Following the informed consent procedure, 50 volunteers were screened (Fig. 1). Participants were randomly assigned to either of two provocation protocols: a stepwise escalation from 0 to − 70 mmHg (− 9.3 kPa) LBNP (“Stepwise”) and a direct application of − 70 mmHg (− 9.3 kPa) LBNP (“Direct”).

Fig. 1.

Fig. 1

Schematic representation of inclusion and setup of the study. The Stepwise and Direct protocol are represented with flowcharts of data collection occasions, with the number of participants remaining and the male and female distribution on each occasion. The reason(s) for the participant drop-off is stated by; “Technical” in case technical difficulties of data acquiring/analyses resulted in participant drop-off, or “Completed” in case the drop-off is explained by participants exiting, and thereby completing the provocation protocol. Time scale is represented in minutes (min) and level of pressure provocation is represented in millimeters of mercury (mmHg)
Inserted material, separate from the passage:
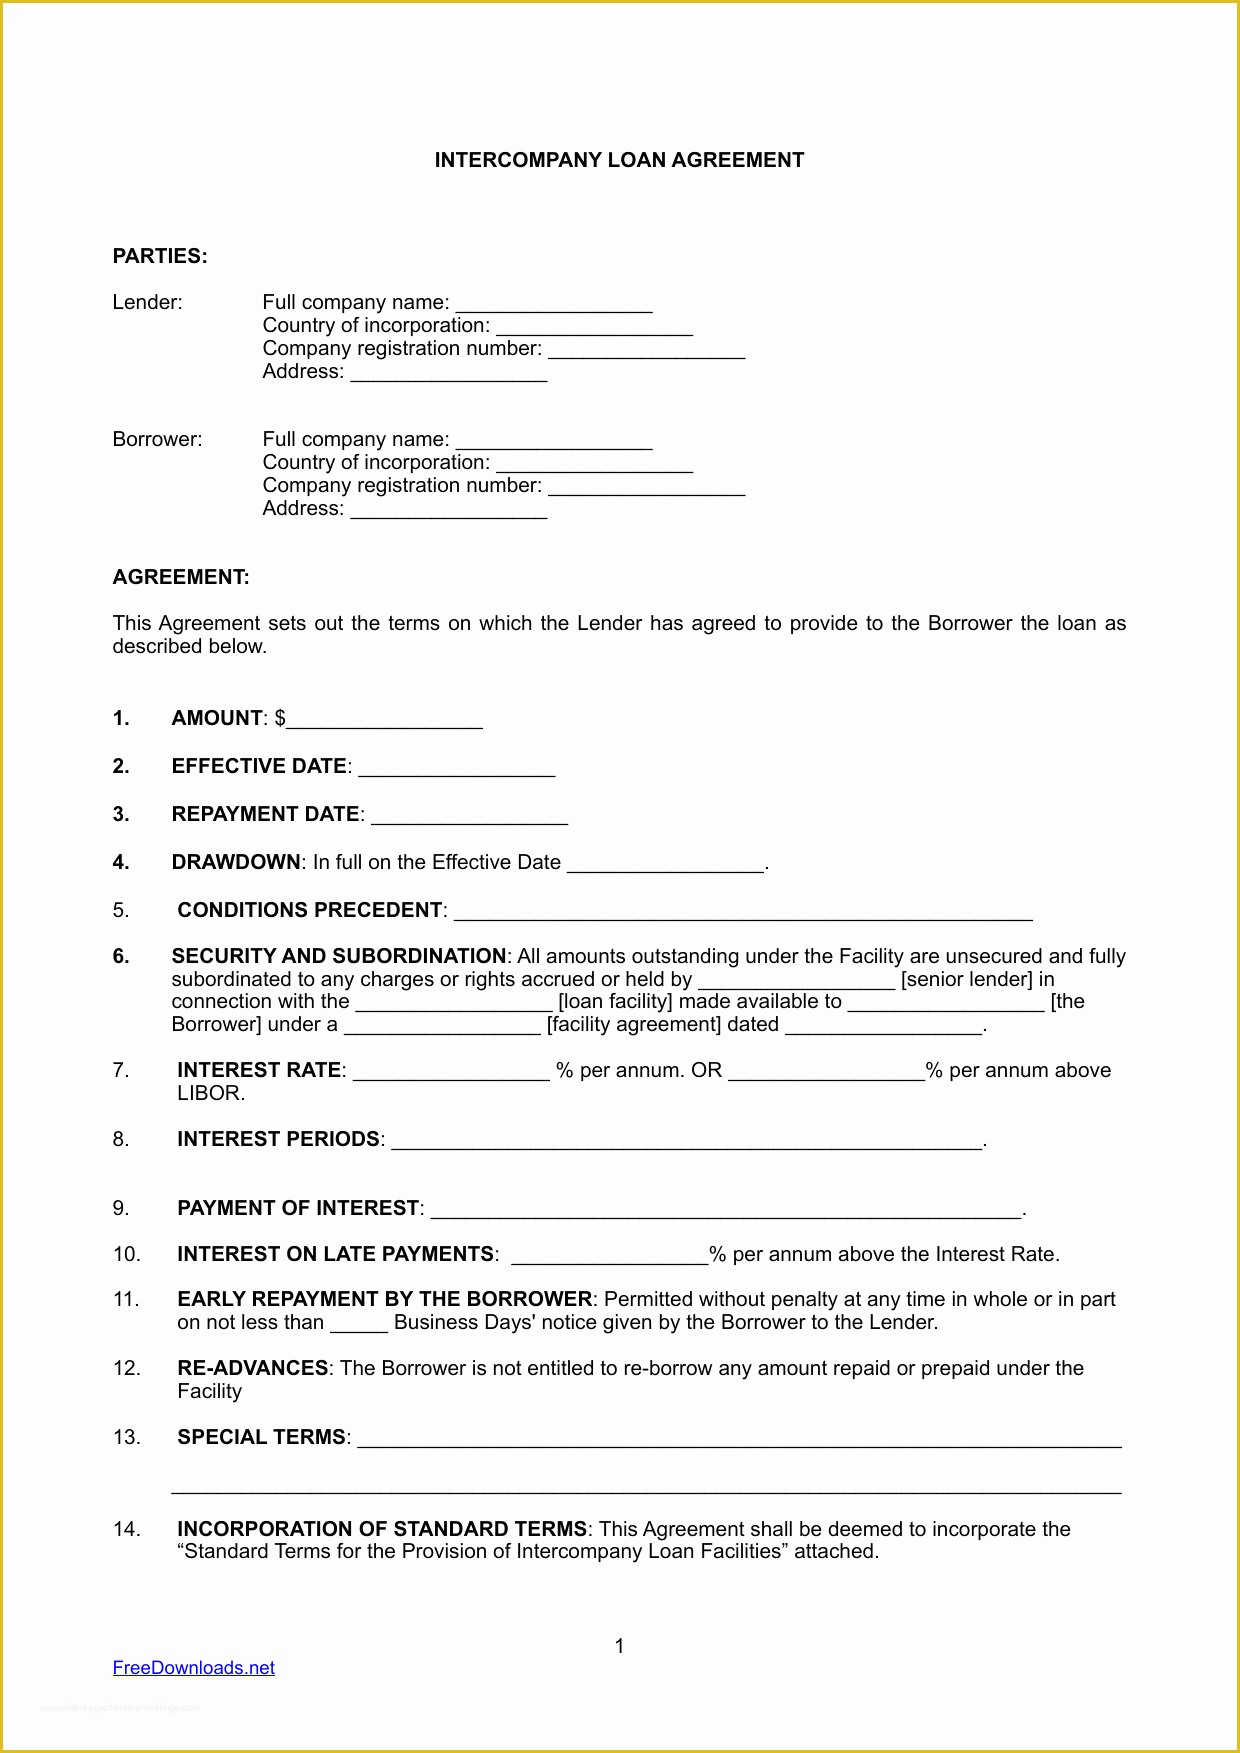 Free Loan Agreement Template Pdf Of Download Inter Pany Loan Agreement Template Pdf

The participants were free to end the provocation at any time. Other criteria for terminating the study included participants experiencing pre-syncope symptoms or displaying alterations in vital signs indicating imminent syncope, as determined by an experienced emergency medicine practitioner familiar with the LBNP model. The decision-making process involves weighing together classical subject-reported indicators of pre-syncope such as sudden dryness of the mouth, diaphoresis, nausea and sudden-onset headache. Further, this assessment was assisted by continuously monitoring the trend of vital signs, where pre-syncope is typically characterized by a sudden drop in blood pressure (increasingly negative slope of the curve, rather than an absolute value), and tachycardia. Additionally, the study would conclude upon reaching the protocol’s maximum duration of 60 min at − 70 mmHg (− 9.3 kPa).

Setup

Prior to the initiation of the experiment, all participants rested for at least 5 min in a supine position in the inactivated LBNP chamber at atmospheric pressure. Baseline measurements were gathered for all included parameters [CR time, systolic and diastolic blood pressure, mean arterial pressure (MAP), heart rate, cardiac output, and systemic vascular resistance (SVR)] before the LBNP provocation started.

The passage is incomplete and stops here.